In a recent paper, Balasubramanian et al24 investigated the more frequent and larger magnitude of negative, topographic change in longitudinal series with combinations of HRT Classic and HRT II topographies as compared to series with HRT II topographies only. When the PEC was applied to the HRT Classic-HRT II combination series, the estimated topographic change in both sets of series was similar. The same group also investigated the difference in stereometric parameters between HRT Classic and HRT II topographies acquired on the same day.25 Similar to our study, a finding of a statistically significant systematically larger global RA measurement, by an average of 0.06 mm2, in HRT Classic topographies was reported. This between-device RA difference remained even after the application of the PEC. However, the authors concluded that the discrepancy was not clinically problematic as it represented 5% or less of the typical global RA and as clinical LoA between same-day HRT II topography derived RA values were comparable to those limits in same-day HRT Classic and HRT II topographies.20 Furthermore, statistical significance of bias was assumed to have arisen from the large sample size (n=344). We have shown the same magnitude and a similar significance of bias in a smaller sample. Furthermore, we have demonstrated that the use of an HRT Classic mean topography at baseline to HRT II follow-up topographies results in a mean negative rate of change and a greater number of significant negative slopes compared to use of an HRTII baseline image. This tendency is likely to have a significant clinical impact on the HRT’s ability to reliably detect disease progression if a “mixed” series of images is used.

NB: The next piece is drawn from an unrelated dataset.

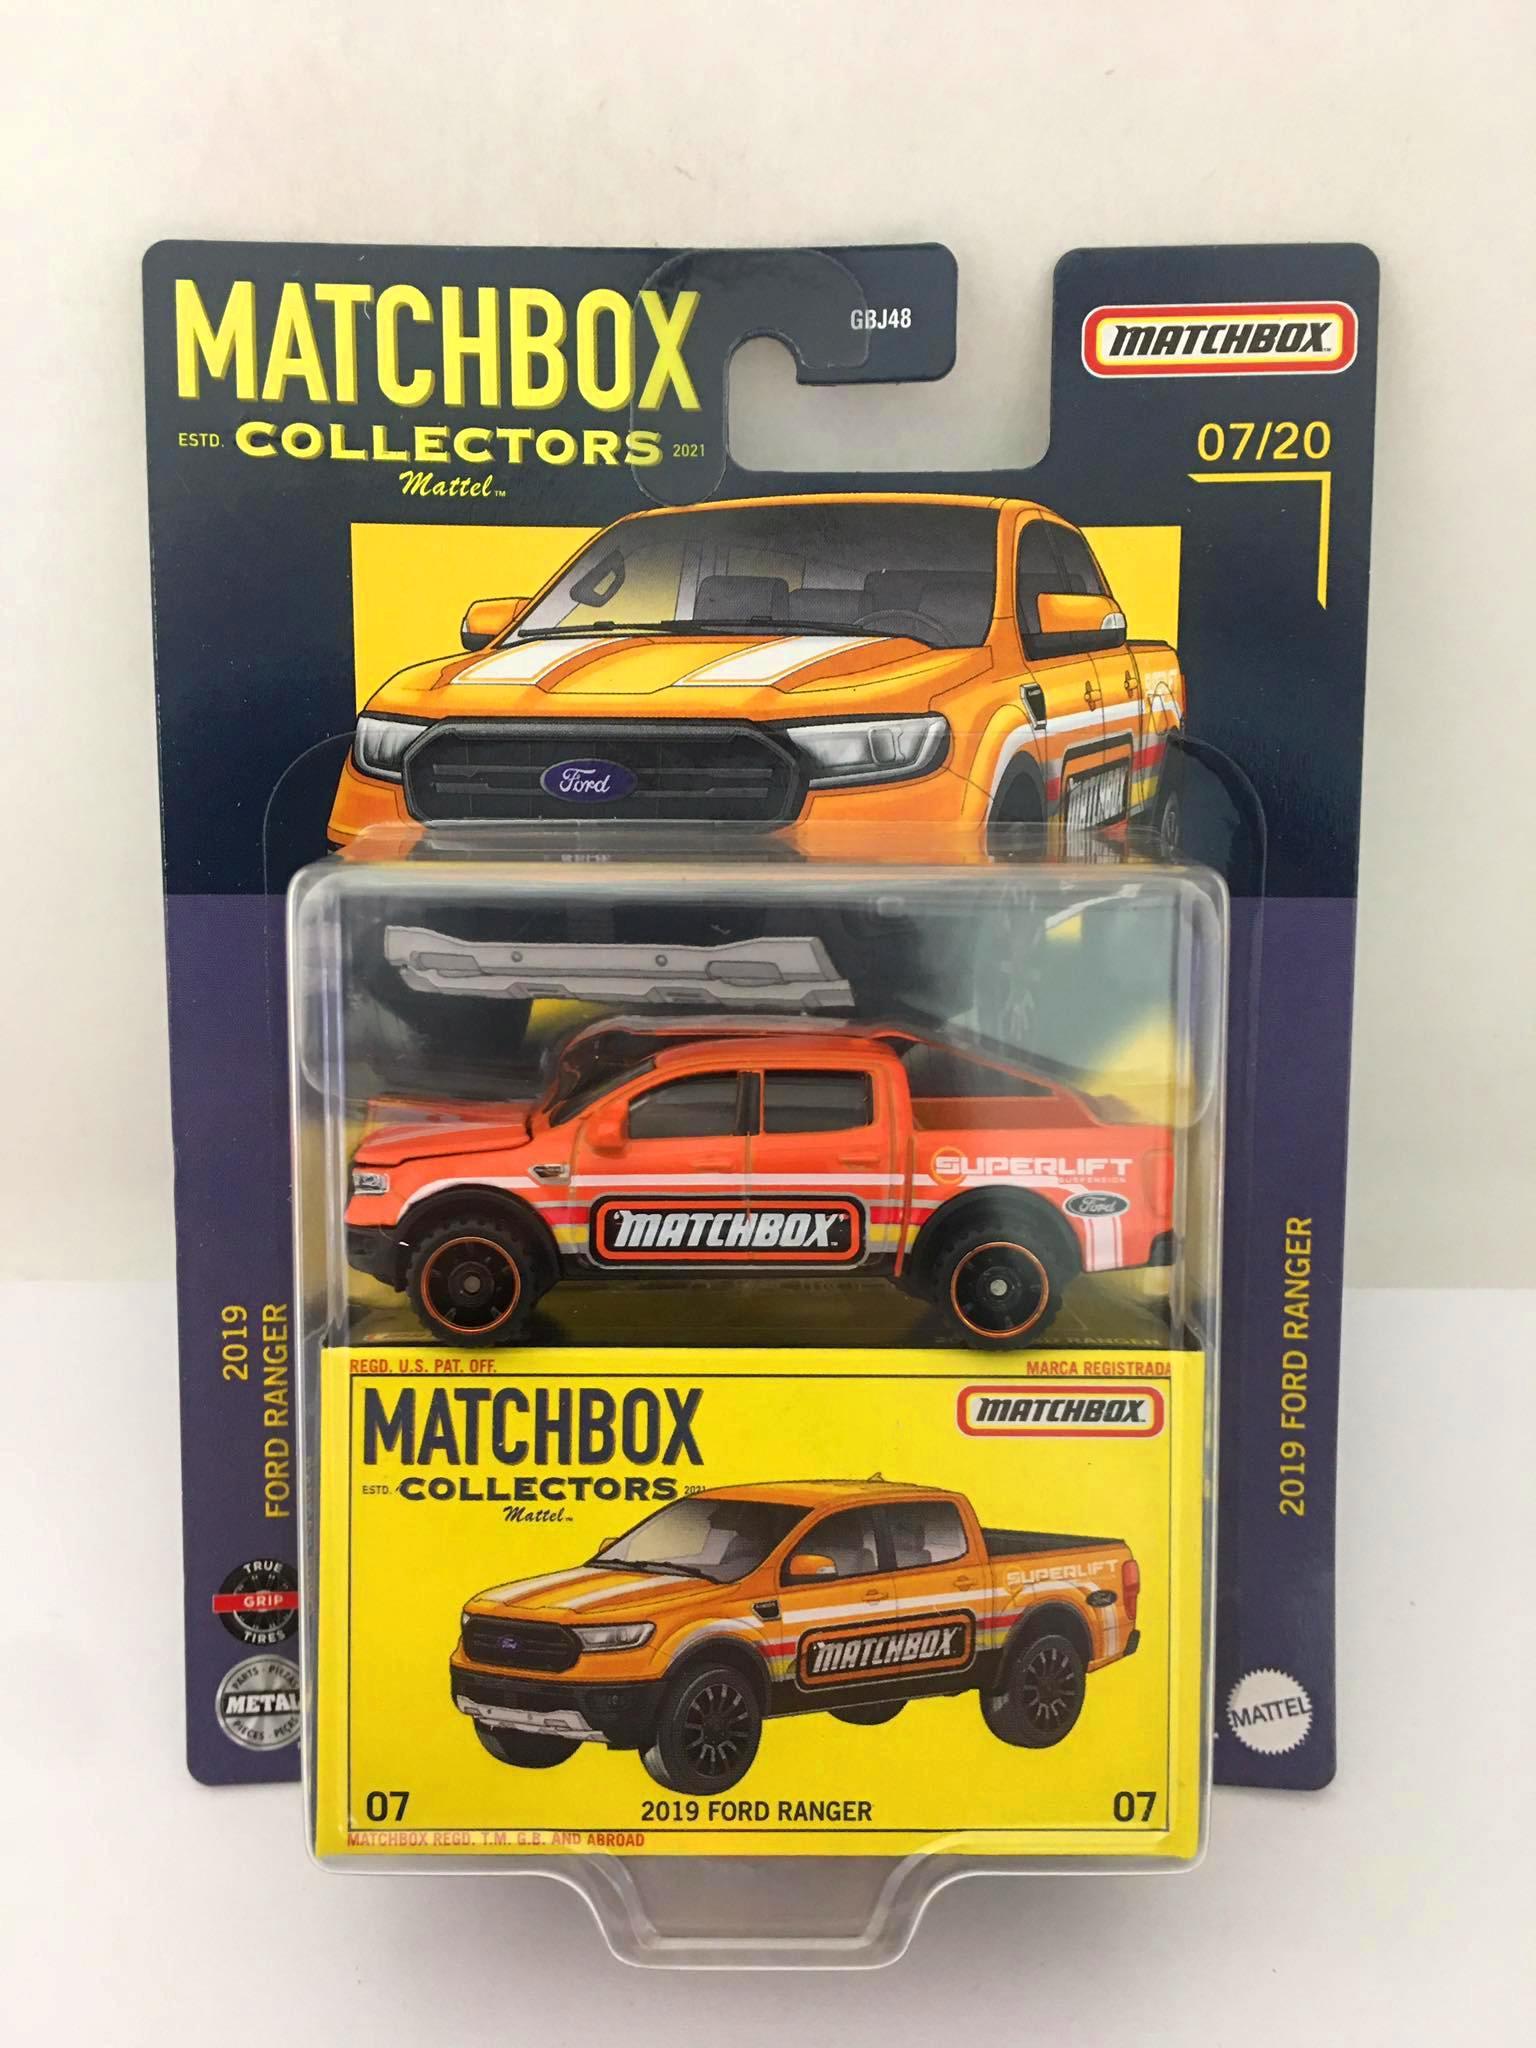 Matchbox - 2019 Ford Ranger Laranja - Matchbox Estd. Collectors 2021

Some limitations should be pointed out in the current study. Although all the contour lines were drawn by the same examiner and the 2 corresponding baseline mean topography contour lines for each short time series were redrawn very carefully as detailed in the methods, there were inevitably small random differences which could affect the measurements. Our analysis has shown, however, that there is no relationship between the differences in baseline DA between groups and the differences between rates of subsequent RA change. Another potential limitation is that, in the short time series, data were treated as a pseudo longitudinal time series, instead of a true longitudinal series. The advantage of this methodology is that it is certain that no disease progression took place over the image series. This approach has previously been used in the analysis of visual field tests.26 Further studies will investigate the causes of this systematic difference in RA and examine the effects of combining HRT Classic and HRT II topographies on inferences from statistical change detection techniques designed to look for localized changes in topographic height over time.27,28

We have shown that RA measurements are larger with the HRT Classic than with the HRT II, when analyzed as follow-ups to an HRT Classic baseline, and we observed systematically more negative change in time series composed of an HRT Classic baseline mean topography with HRT II follow-up mean topographies. The bias between HRT Classic and HRT II RA measurements is of a similar magnitude to the longitudinal RA changes reported in glaucomatous eyes and could present a major confounding factor in scientific studies or clinical judgments which combine data from these 2 devices. The results of the current study do not support the use of HRT Classic and HRT II mean topographies in the same longitudinal series. We recommend a new baseline should be created when switching to the newer device, until methods to correct for the current discrepancies become available.